Andy Altahawi.  Altahawi’s association with Longfin began when he signed a consulting agreement to assist Longfin to initiate a Regulation A+ Tier II Direct Public Offering, or DPO.  The determination of whether Altahawi could rely on Rule 144 for certain sales hinged on whether he was an affiliate.  The Court said this is a question of fact which depends on the totality of the circumstances including an appraisal of influence upon management and policies of a corporation.  The Court discussed Altahawi acting as secretary of Longfin, managing an unusual distribution of Longfin shares and his acquisition of a portion of those shares a short time later, his communications with the SEC, arranging to remove the restrictive legend on his shares, his domination of the public market for Longfin shares and other matters.  In the end the Court found that Altahawi was likely to be found an affiliate at trial solely because of his personal management of the entire DPO process and his control of the public float in Longfin shares.

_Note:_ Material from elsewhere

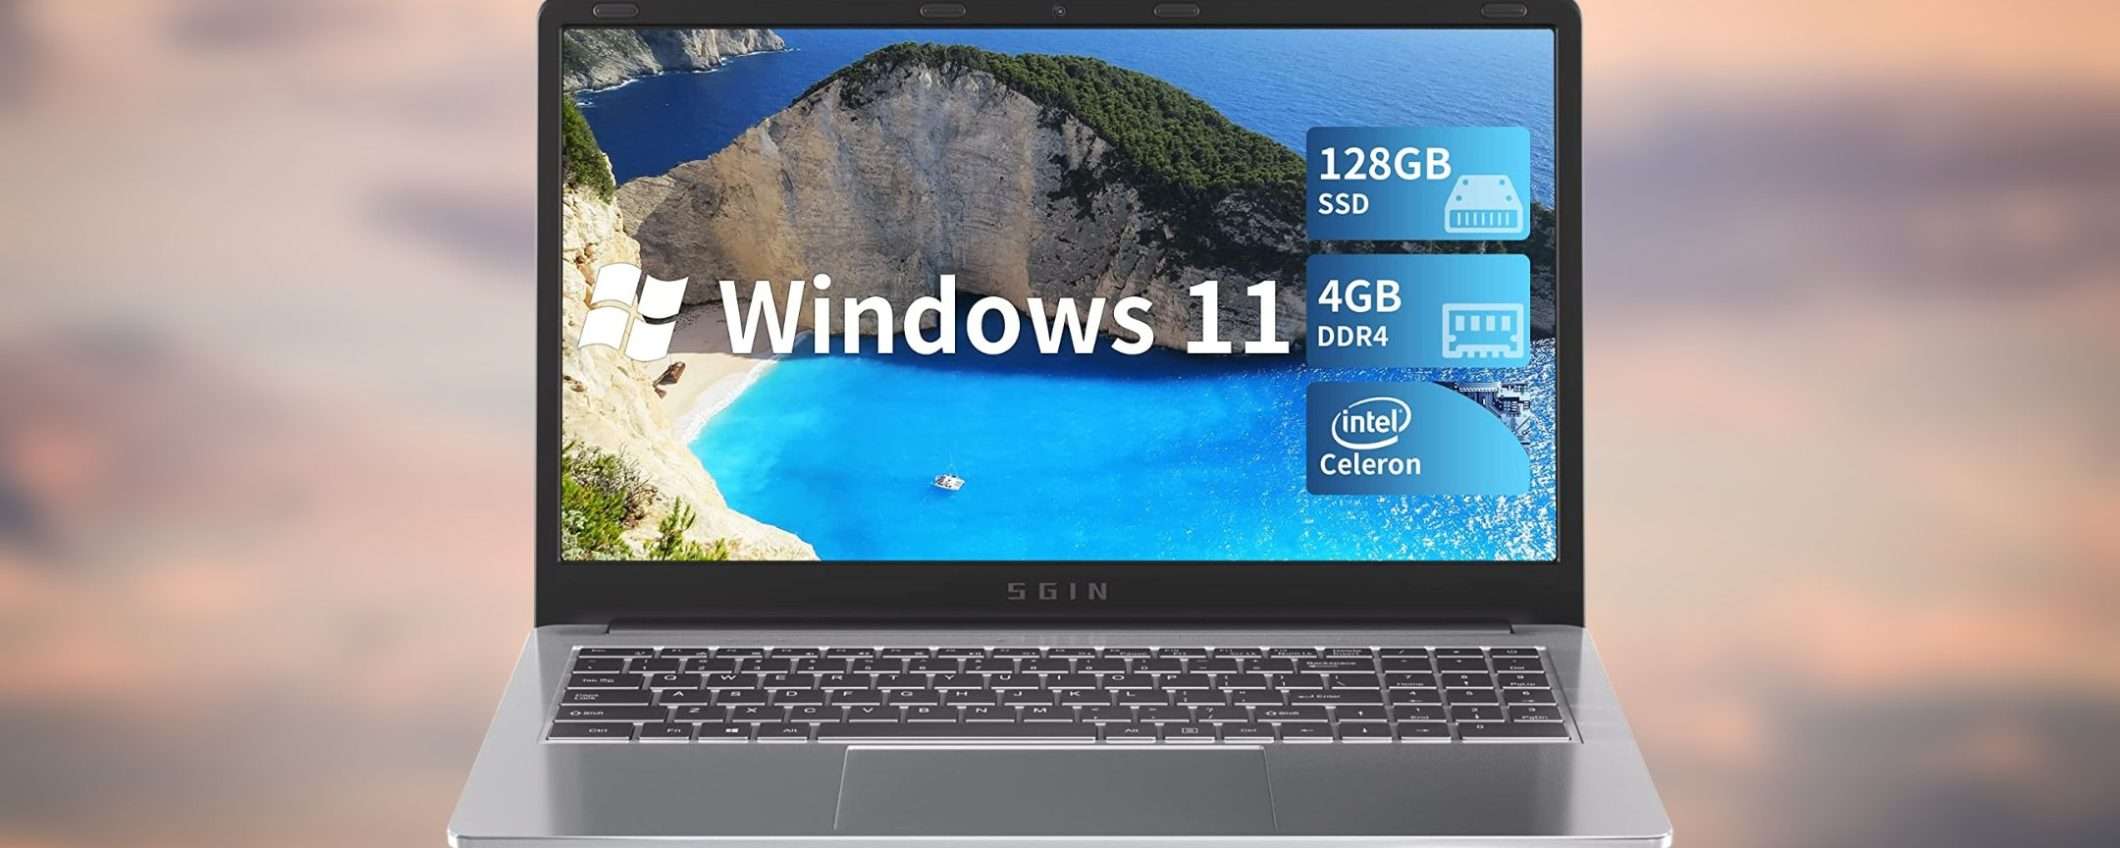 Notebook con Windows 11: economico e velocissimo, solo 219€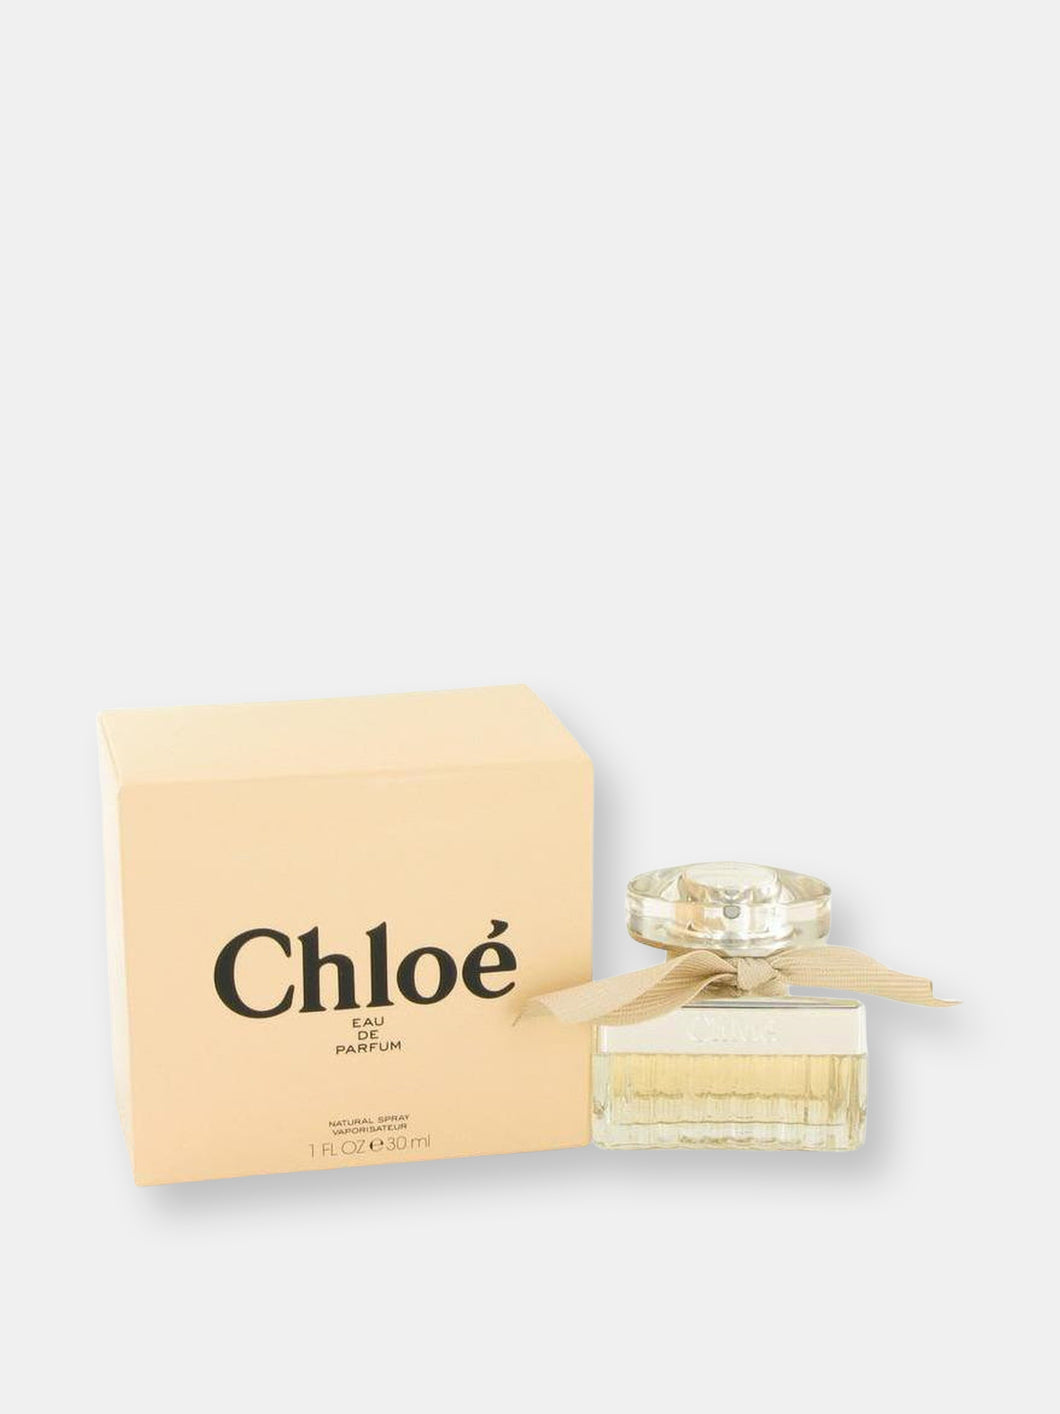 Chloe (New) by Chloe Eau De Parfum Spray 1 oz

Suresh Tammineedi.  The Court stated the record provided strong support Tammineedi would be found to be an affiliate of Longfin.  Tammineedi was a director of Stampede Capital Limited which owned well over 10% of Longfin’s shares and was Longfin’s largest shareholder.  Venkata Meenavalli founded both Longfin and Stampede Capital.  Meenavalli held 17.11% of Stampede Capital and Meenavalli and Tammineedi were “frequent business colleagues and close associates.”

Dorababu Penumarthi.  The Court stated the record provided strong support Penumarthi would also be found to be an affiliate of Longfin.  Penumarthi worked as a consultant for Longfin.  Penumarthi had publicly stated he was director of Longfin’s UK operations, although in opposition to the motion before the Court, Penumarthi claimed this statement was in error.  The Court noted Penumarthi grew up with Meenavalli and appears to have been a previous business partner of his.

It should be noted that the opinion was not a final decision on the merits and no court has found the defendants violated the law.